(RECORD SET begins)

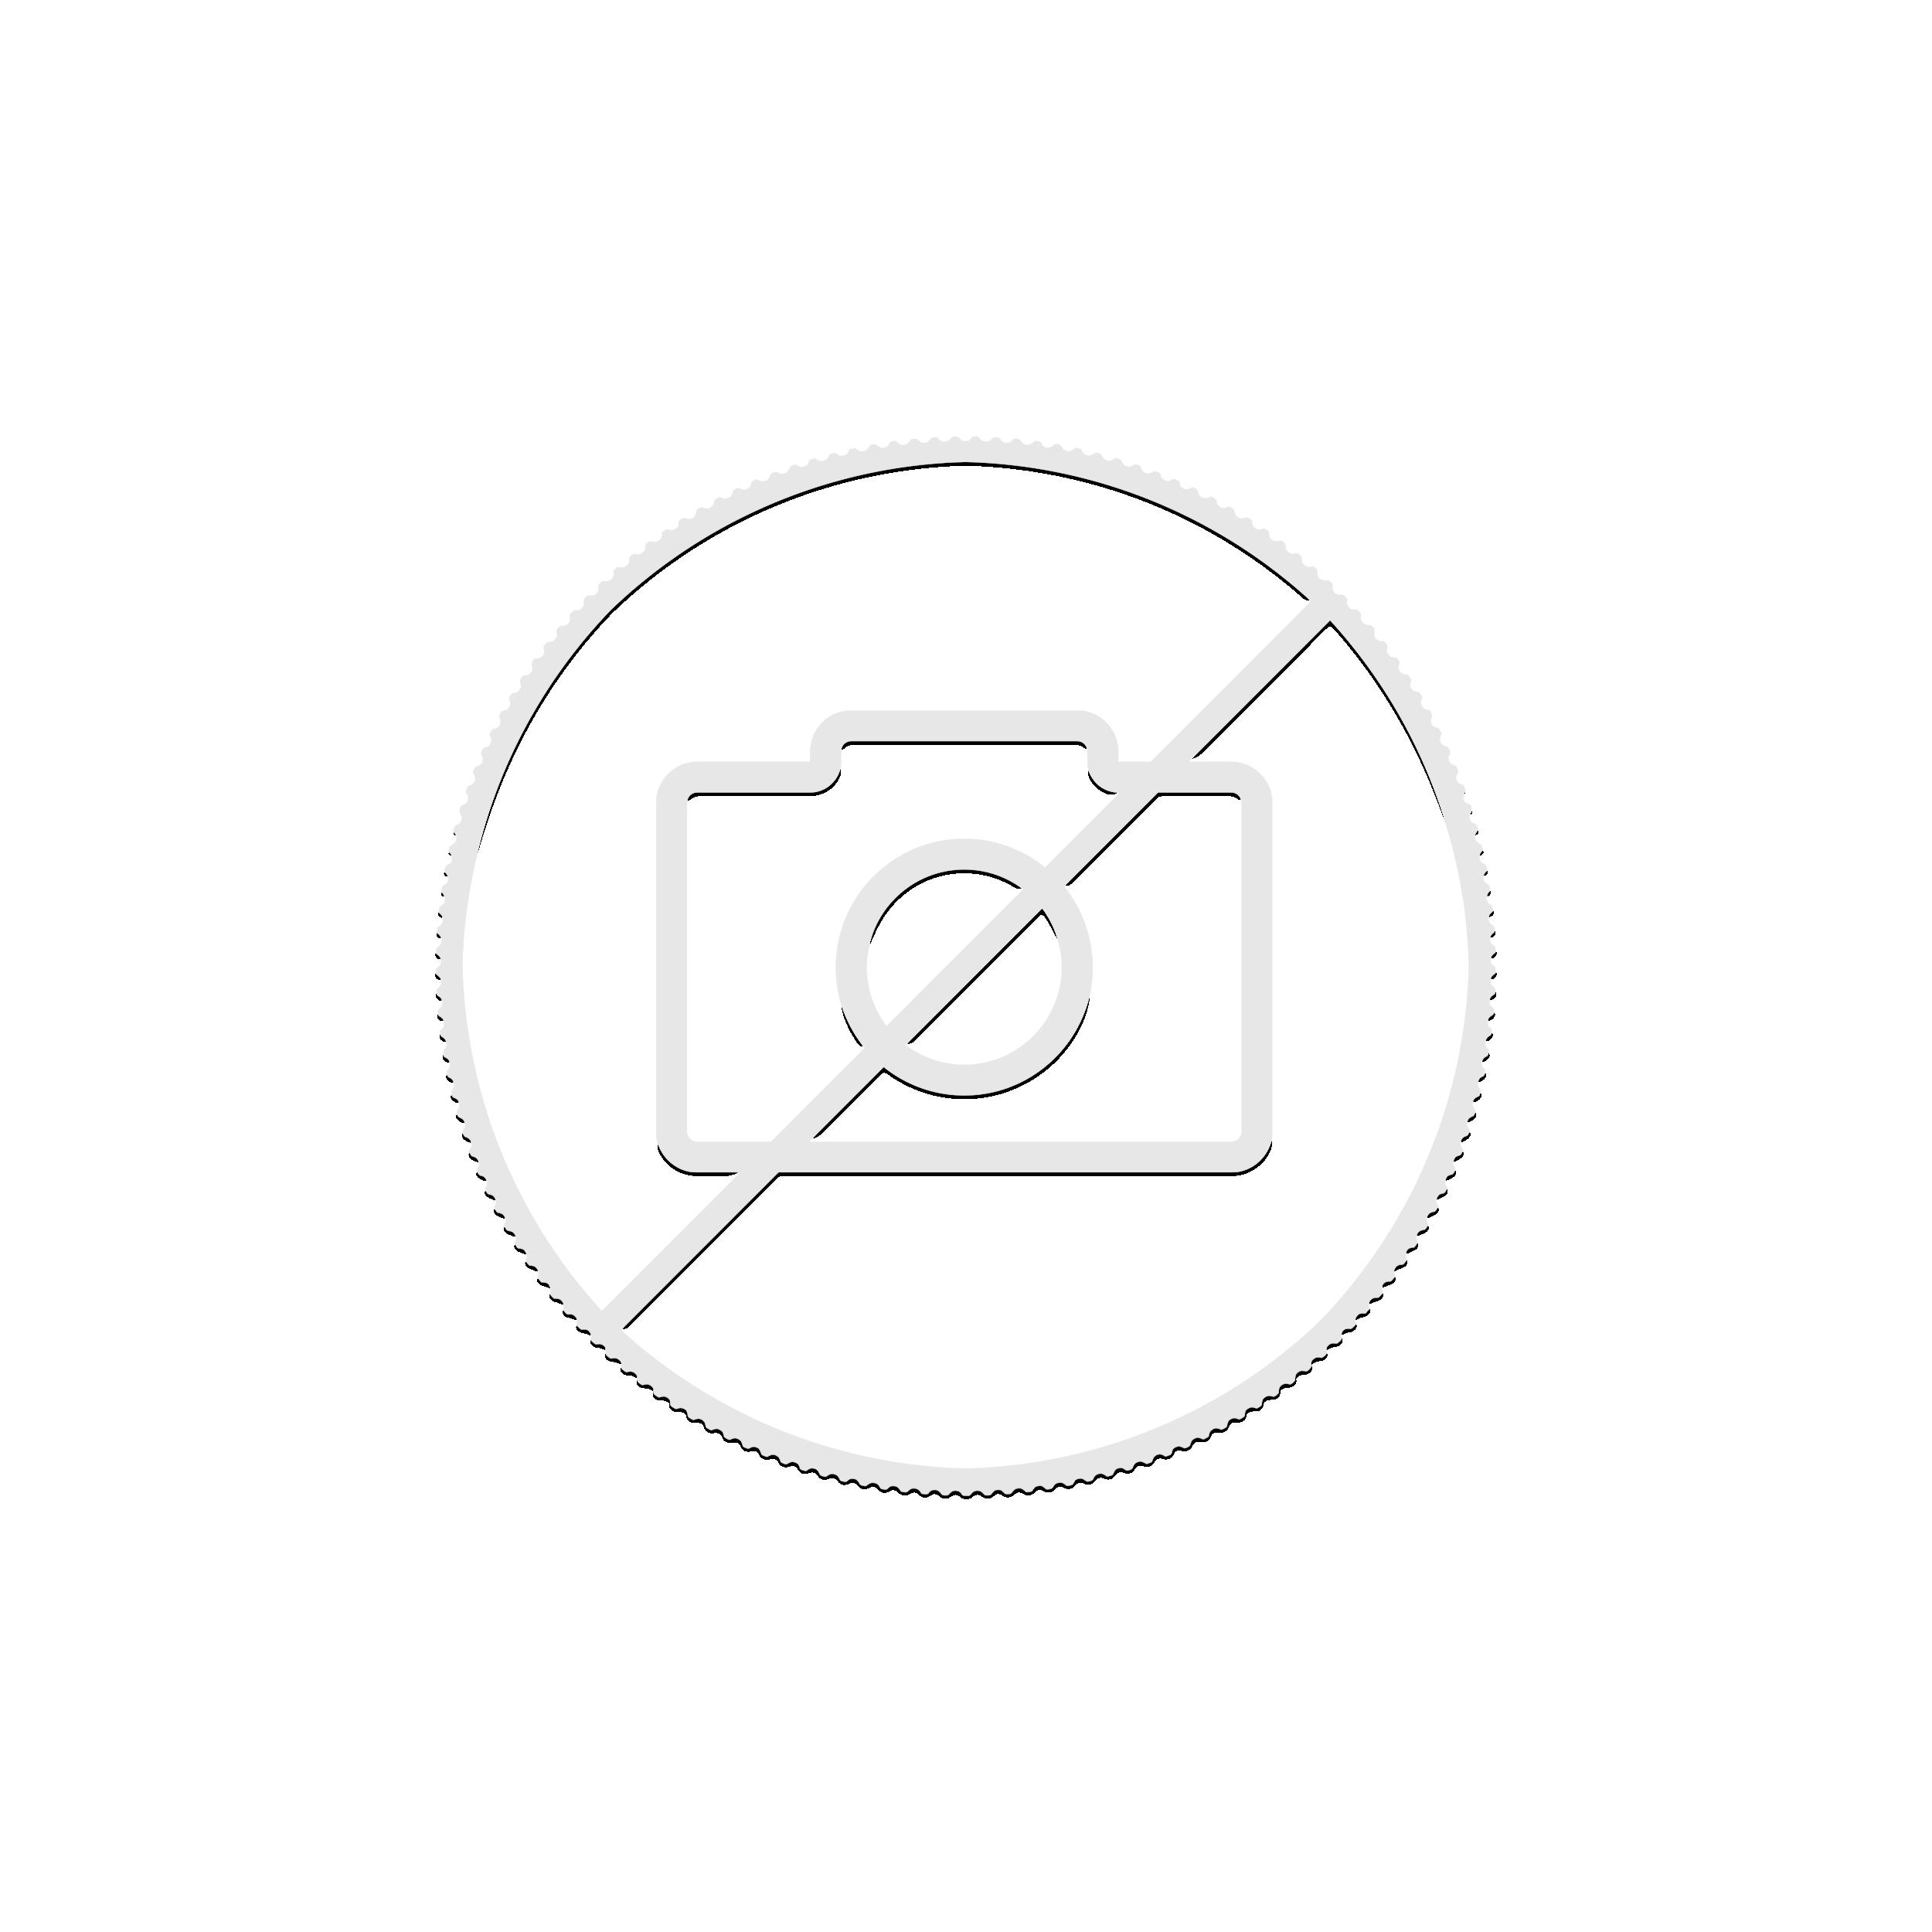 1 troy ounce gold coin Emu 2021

(RECORD SET ends)
(RECORD SET begins)

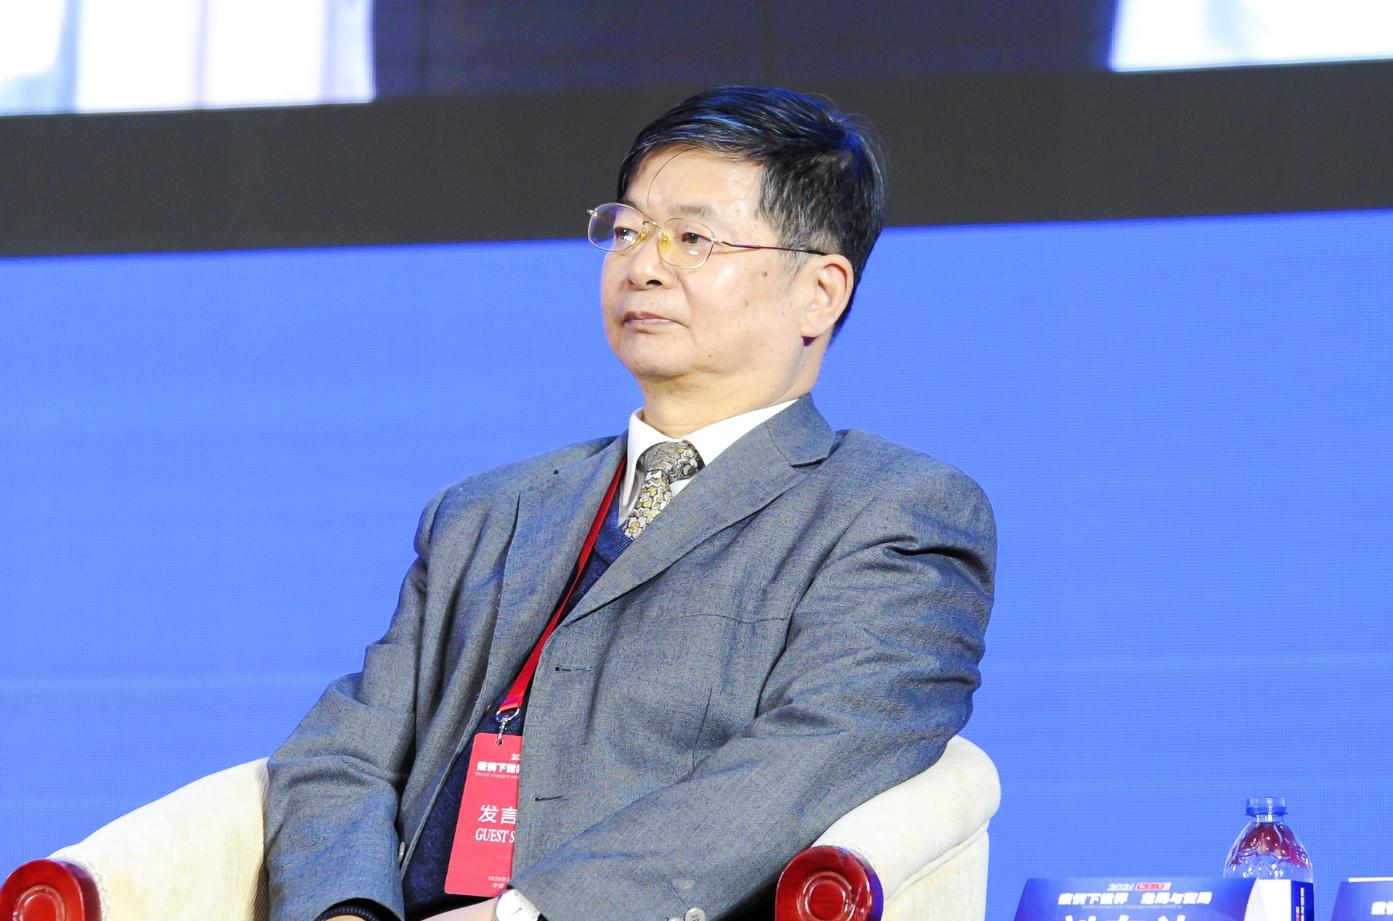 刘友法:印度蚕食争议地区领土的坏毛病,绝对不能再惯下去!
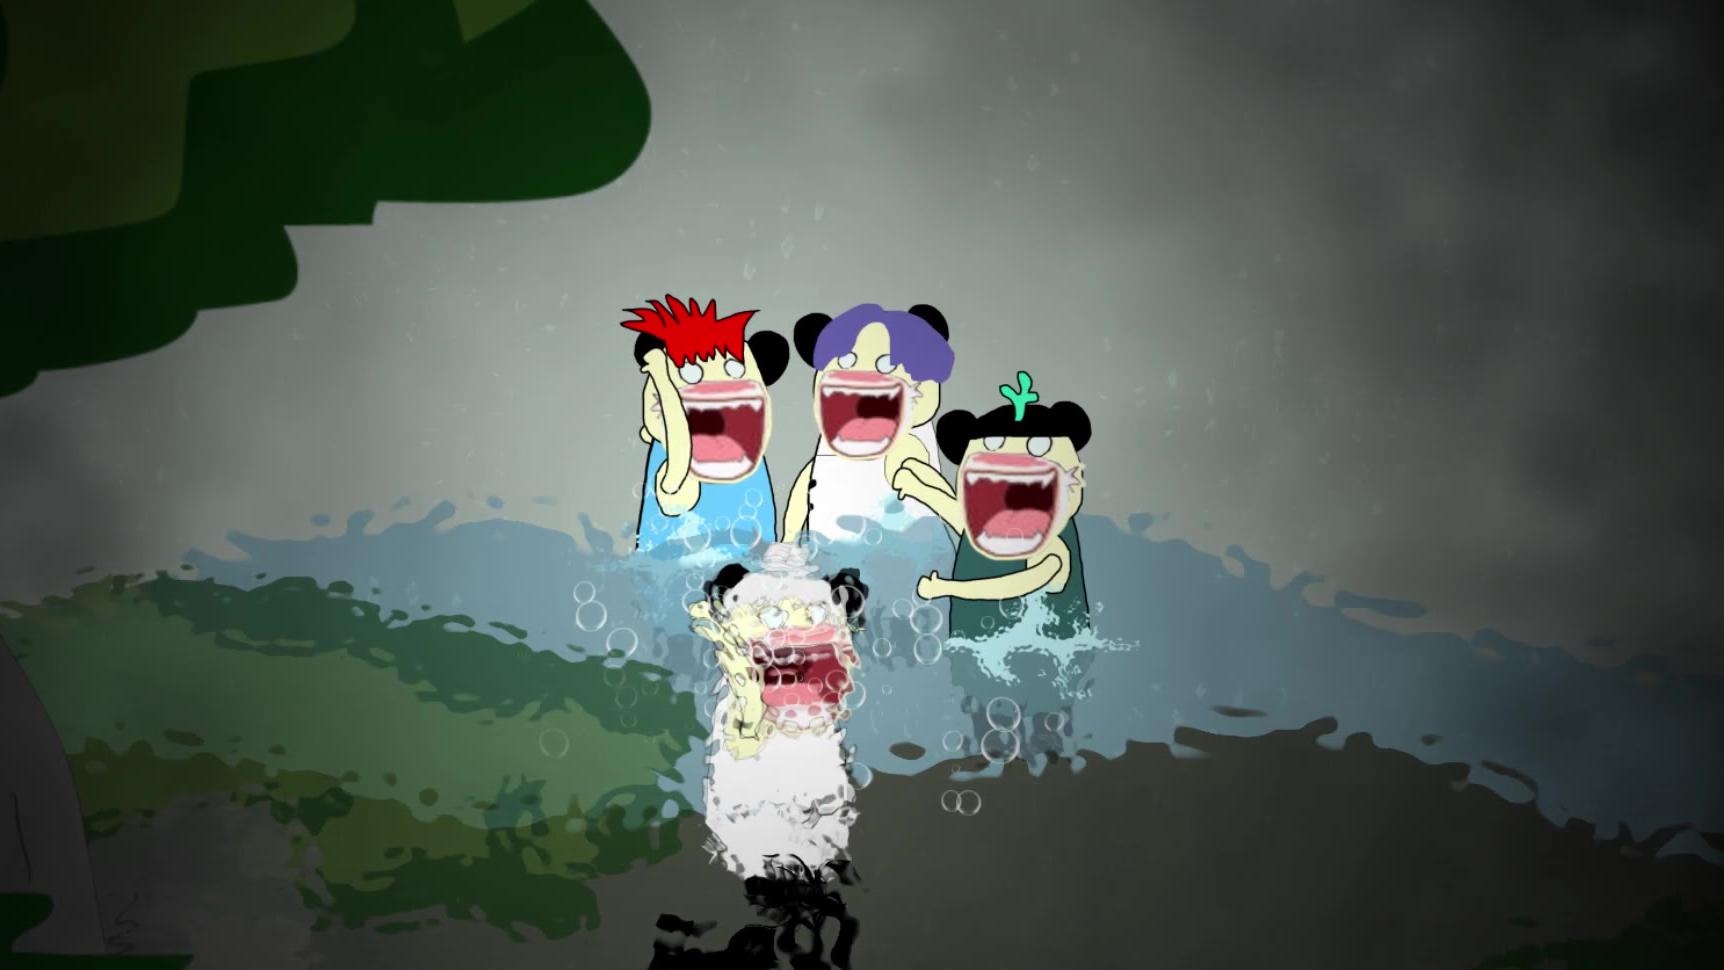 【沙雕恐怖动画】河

(RECORD SET ends)
(RECORD SET begins)

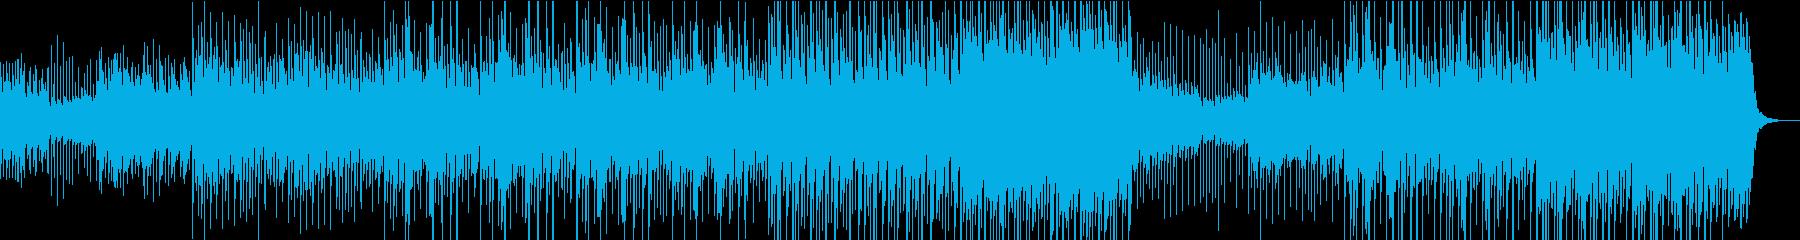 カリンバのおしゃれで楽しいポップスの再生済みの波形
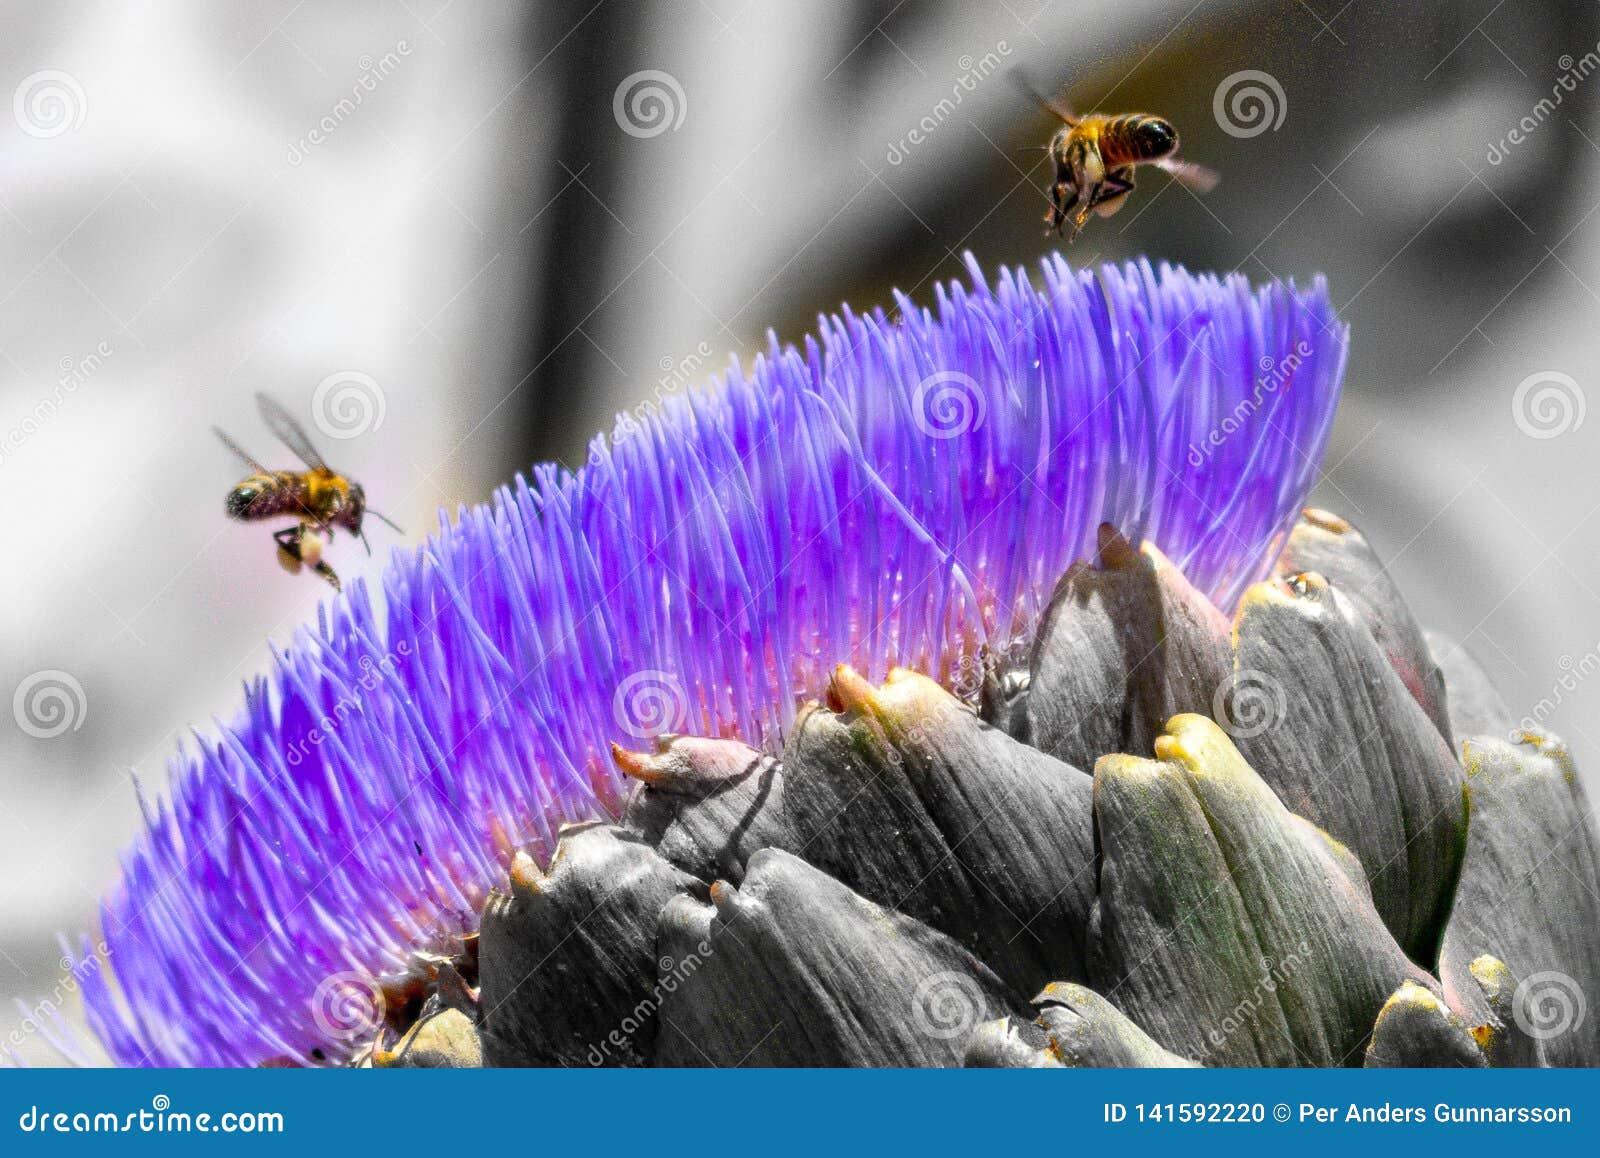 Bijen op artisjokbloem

(RECORD SET ends)

» **EXERCISE**: Return exactly the stretch above whose first line contains "カリンバのおしゃれで楽しいポップスの再生済みの波形" and whose last line contains "Bijen op artisjokbloem", and nothing outside it. The pictures should not appear.

» **OUTPUT FOR THIS EXERCISE**:
 カリンバのおしゃれで楽しいポップスの再生済みの波形
 Bijen op artisjokbloem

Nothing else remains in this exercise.